1. The utility model provides a put pedal torque force sensor system of motor in bicycle which characterized in that: the crank (1) is connected with a middle shaft core (2), the middle shaft core (2) is connected with a one-way ratchet wheel (4), a spring (5) is circumferentially arranged along the outer side of the one-way ratchet wheel (4), the one-way ratchet wheel (4) compresses the spring (5), the spring (5) acts on a transmission shaft sleeve (3) through a compression force, a chain wheel seat (6) is fixedly connected to the transmission shaft sleeve (3), and a chain wheel is fixedly arranged on the chain wheel seat (6);

the head of the middle shaft core (2) is provided with a trapezoidal spline groove, the one-way ratchet (4) concentric with the middle shaft core (2) comprises an upper ratchet part and a lower ratchet part, the upper ratchet part acts on the trapezoidal spline groove, the lower ratchet part acts on the spring (5), and the one-way function is realized through sliding and meshing;

the rotating shaft sleeve (8) is sleeved at the tail part of the middle shaft core (2) through the friction sleeve (9), and when the middle shaft core (2) and the transmission shaft sleeve (3) generate rotary displacement, the pressure sensing head (12) arranged between the rotating shaft sleeve (8) and the rotating block (7) generates resistance change.

2. The system of claim 1, wherein the pedal torque sensor comprises: the chain wheel is connected with the wheel through a chain, the transmission shaft sleeve (3) is arranged outside the middle shaft core (2), and when the spring torsion is equal to the wheel resistance, the middle shaft core (2) and the transmission shaft sleeve (3) synchronously rotate through the spring (5).

3. The in-bicycle motor pedaling torque sensor system according to claim 1 or 2, wherein: the rotating shaft sleeve (8) is sleeved at the tail part of the transmission shaft sleeve (3) through a rotating block (7).

4. The system of claim 3, wherein the pedal torque sensor comprises: the resistance change generated by the pressure sensing head (12) is caused by the pressure difference between the rotating shaft sleeve (8) and the rotating block (7).

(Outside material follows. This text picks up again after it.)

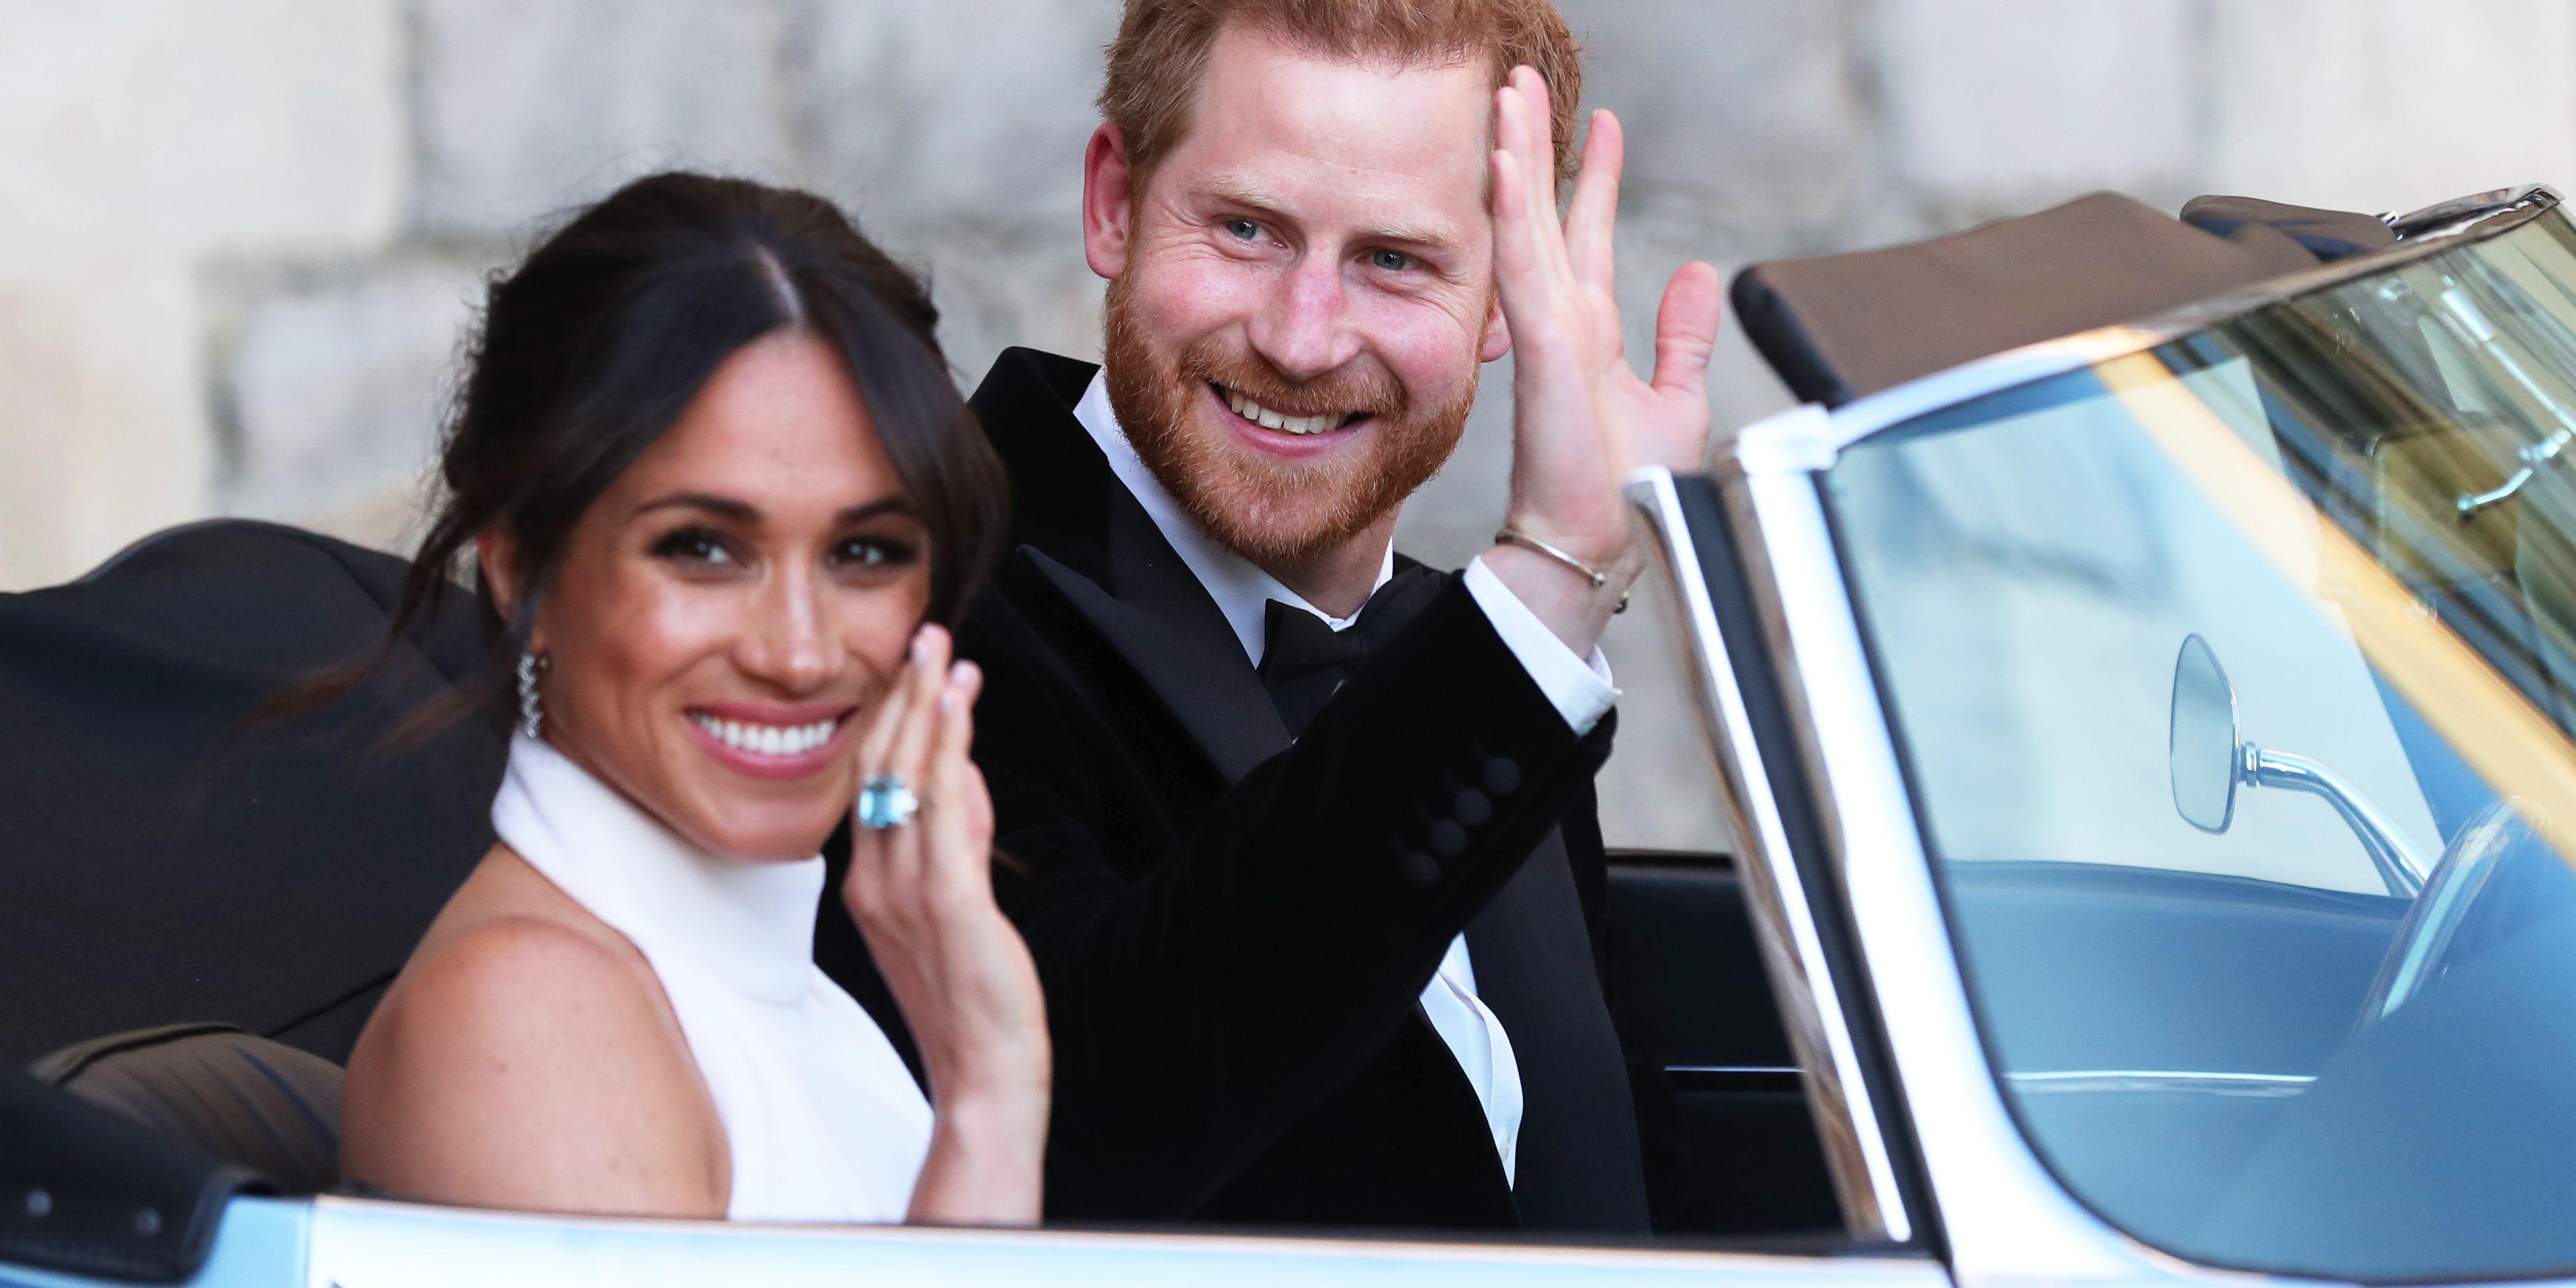 Royal Wedding prince harry meghan markle car
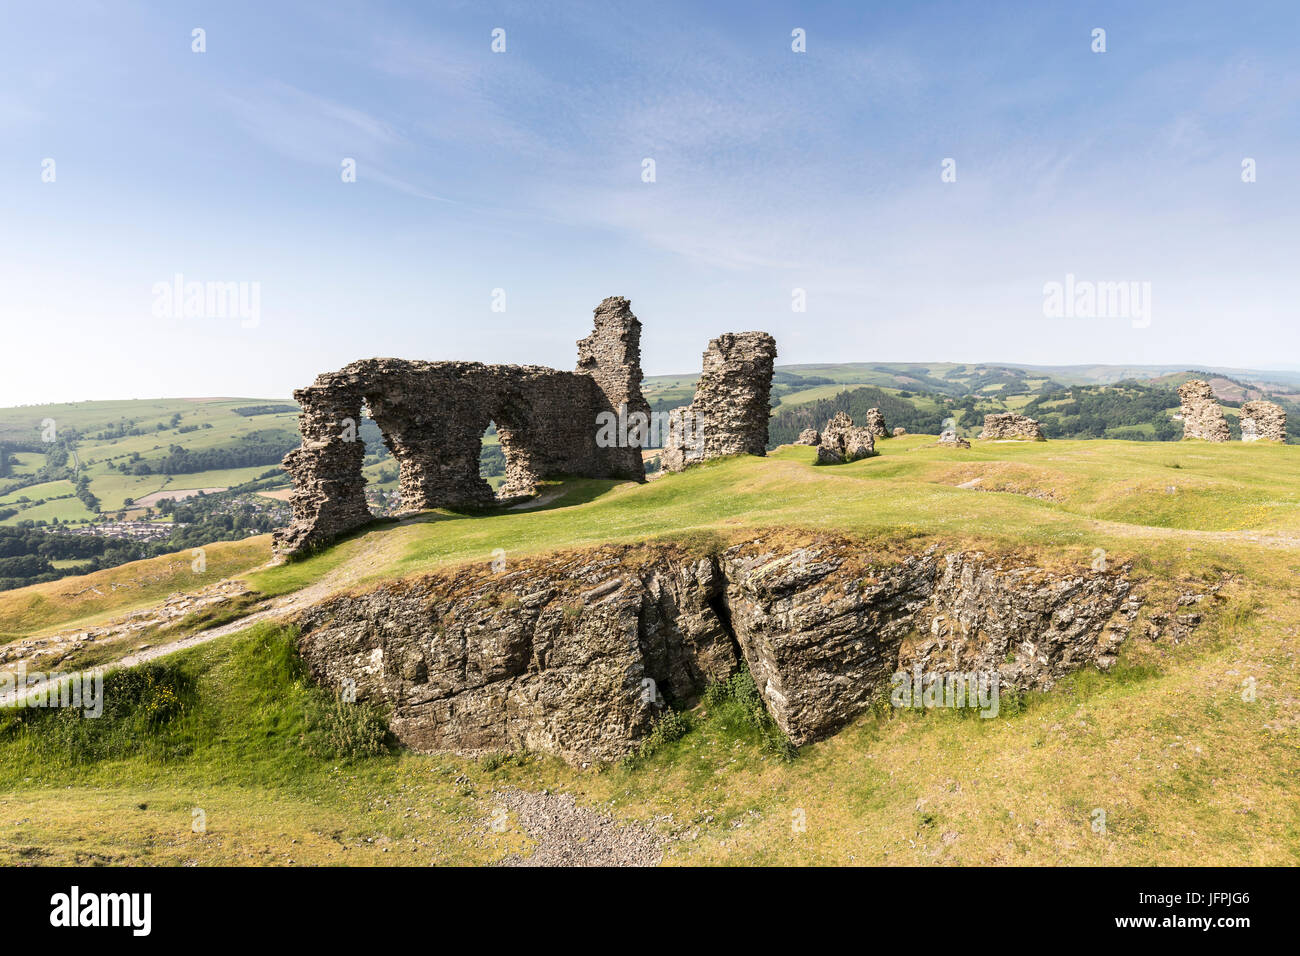 Dinas Bran Castle, Llangollen, Denbighshire, Wales, UK Stock Photo

5. The system of claim 4, wherein the pedal torque sensor comprises: the pressure difference between the rotating shaft sleeve (8) and the rotating block (7) is caused by the rotation resistance of the friction sleeve (9).

6. The system of claim 4, wherein the pedal torque sensor comprises: the pressure sensing head (12) outputs linear resistance through a copper slip ring (10) and an elastic copper sheet (11) which are sleeved on the rotating shaft sleeve (8), and the motor is controlled to operate through a control signal of the control part (13).

7. The mid-motor pedaling torque sensor system for bicycles of claim 6, comprising: two copper slip rings (10) and two elastic copper sheets (11).